Volví a Cartagena después de más de cinco años y pasé una estupenda vacación frente a la bahía de Las Ánimas, disfrutando desde Manga el paisaje incomparable de veleros, luces y la ciudad nueva que se extiende casi hasta Tierrabomba. El viernes santo visité El Corralito por el lado de la iglesia de San Pedro Claver (por El Arsenal), y ¡Oh, sorpresa!: peatonalizadas todas sus calles, aquello parecía una escena de la novela de NaguibMahfz El Callejón de los Milagros, que narra la vida en el zoco (mercado) de El Cairo: la exclusiva zona para millonarios de Bogotá y el extranjero, fue retomada por los cartageneros mestizos, morochos y negros, que sufrieron el peor proceso de gentrificación que ha vivido Colombia. Luego, el domingo, entré por La Puerta del Reloj hasta la Plaza de Bolívar y la escena se repitió: una muchachada de locales y cachacos de paseo de olla se confundían con turistas, muy jóvenes, en una Torre de Babel.
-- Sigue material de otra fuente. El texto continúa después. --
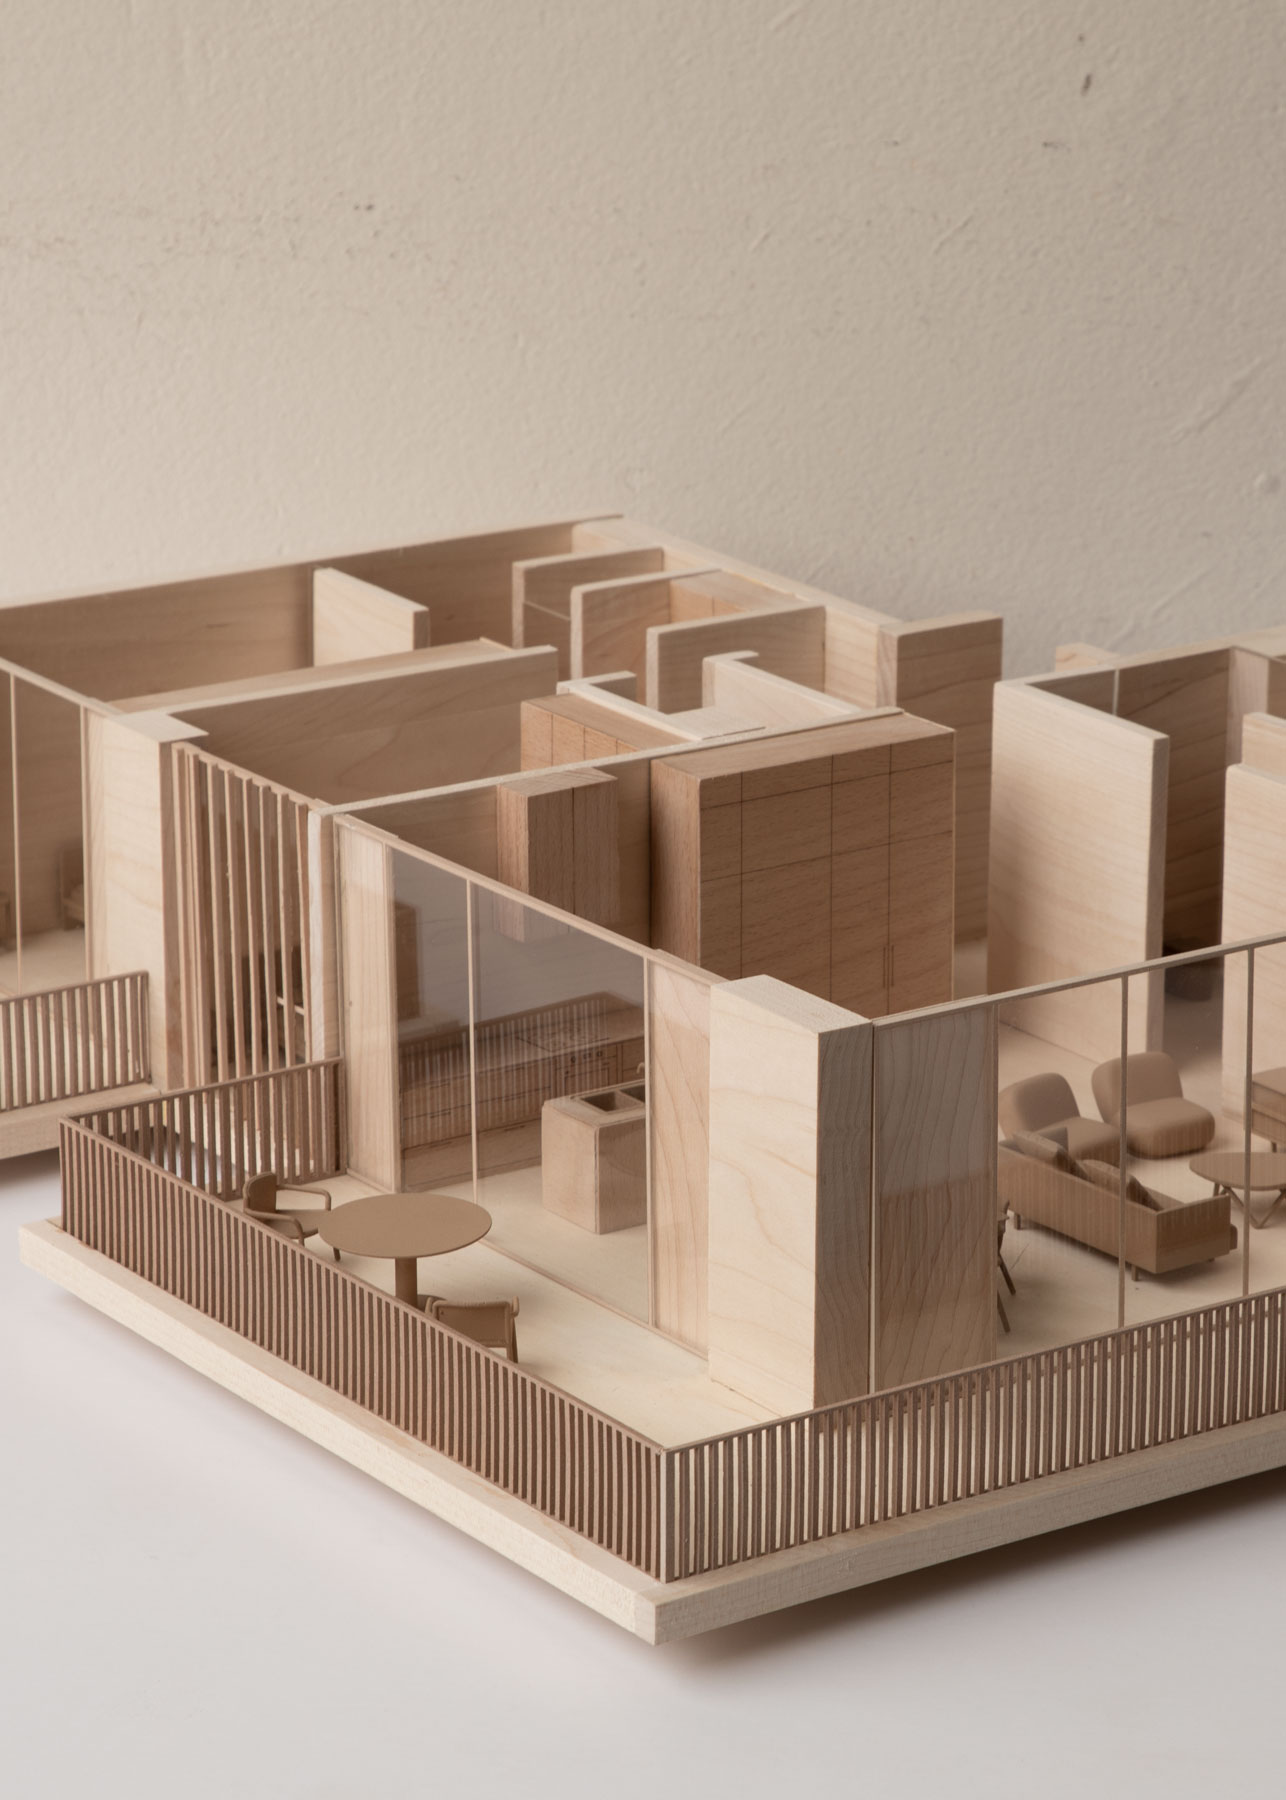 Timber Apartment Models help future buyers understand floor plans

Todo comenzó hace más de 70 años como mínimo, cuando las familias de rancia prosapia comenzaron a migrar hacia Bocagrande que llegaba apenas hasta el hotel Caribe y quizá se construyó La Máquina de Escribir, famoso edificio en manos de los Santos y compañía. Abandonó la clase alta sus casonas preciosas del sector amurallado y muchas se convirtieron en inquilinatos y multifamiliares, muy del estilo de la película de Sergio Cabrera, La estrategia del caracol; dicen que por miedo a los espantos de los esclavos torturados en ellas. Solo en el sector de San Diego, una clase media se mantuvo en resistencia hasta hace relativamente poco, cuando los hoteles de cinco estrellas hicieron apetecibles sus casas, menos grandiosas pero muy bellas, y sucumbieron al bojote de billete sintiendo que ya no pertenecían.
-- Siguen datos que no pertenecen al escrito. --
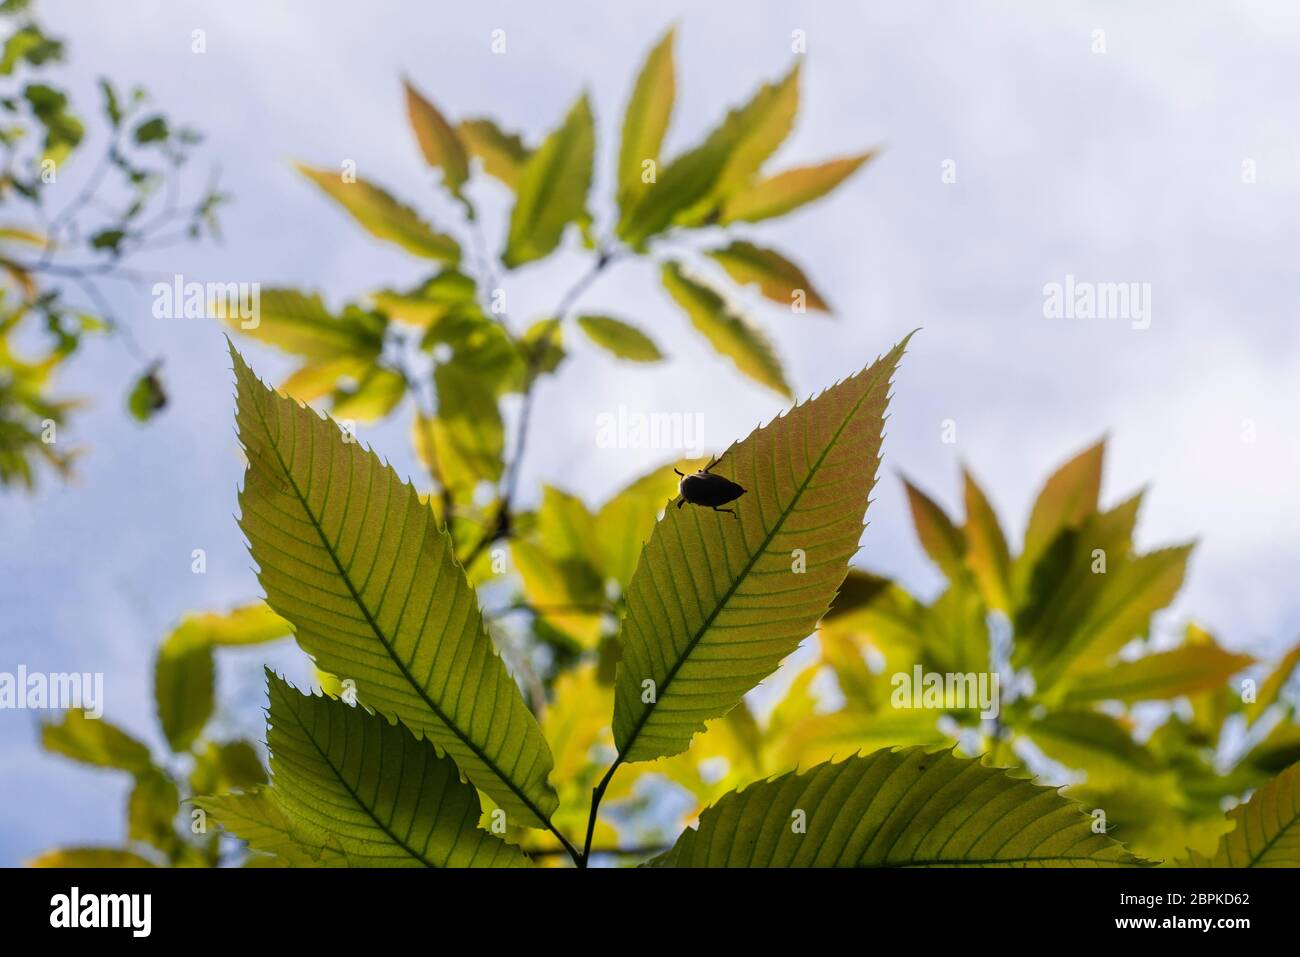 beetles eating leaves. scarabées mangeant des feuilles. Stock Photo

En todos los sectores de El Corralito uno tropezaba siempre con los herederos de presidentes de la república, altos ejecutivos nacionales y extranjeros, dueños de medios y bancos: una manada de blancos andinos disfrazados de caribes, lo que nunca lograron. Recuerdo una vez que estaba con amigos en una terraza en San Diego cuando una cuadrilla combinada de policías, agentes encubiertos y Ejército, armados con mini Uzi y otros truenos de grueso calibre en mano, nos sacaron a todos del sitio porque llegaban los niños del presidente Uribe, durante su primer mandato. Quise hacerme reventar a bolillo o que me dieran un tiro por no moverme, pero mis amigos, más racionales que yo me sacaron casi en andas.

Así que ver en las callecitas adoquinadas, viejas negras sin piernas dejadas en la mitad de la calle para pedir limosna, vendedores de vareta, pulseritas, pomadas, agua, gaseosa, paseos turísticos, coches con sus caballos defecando en la mitad, putas gordas y morenas divinas brindando sus cuerpos, combos de cartageneros jóvenes en recocha y cachacos en sandalias con medias y pieles rojas de camarón hervido, fue chévere y pensé, ¡genial!: la venganza de la india Catalina.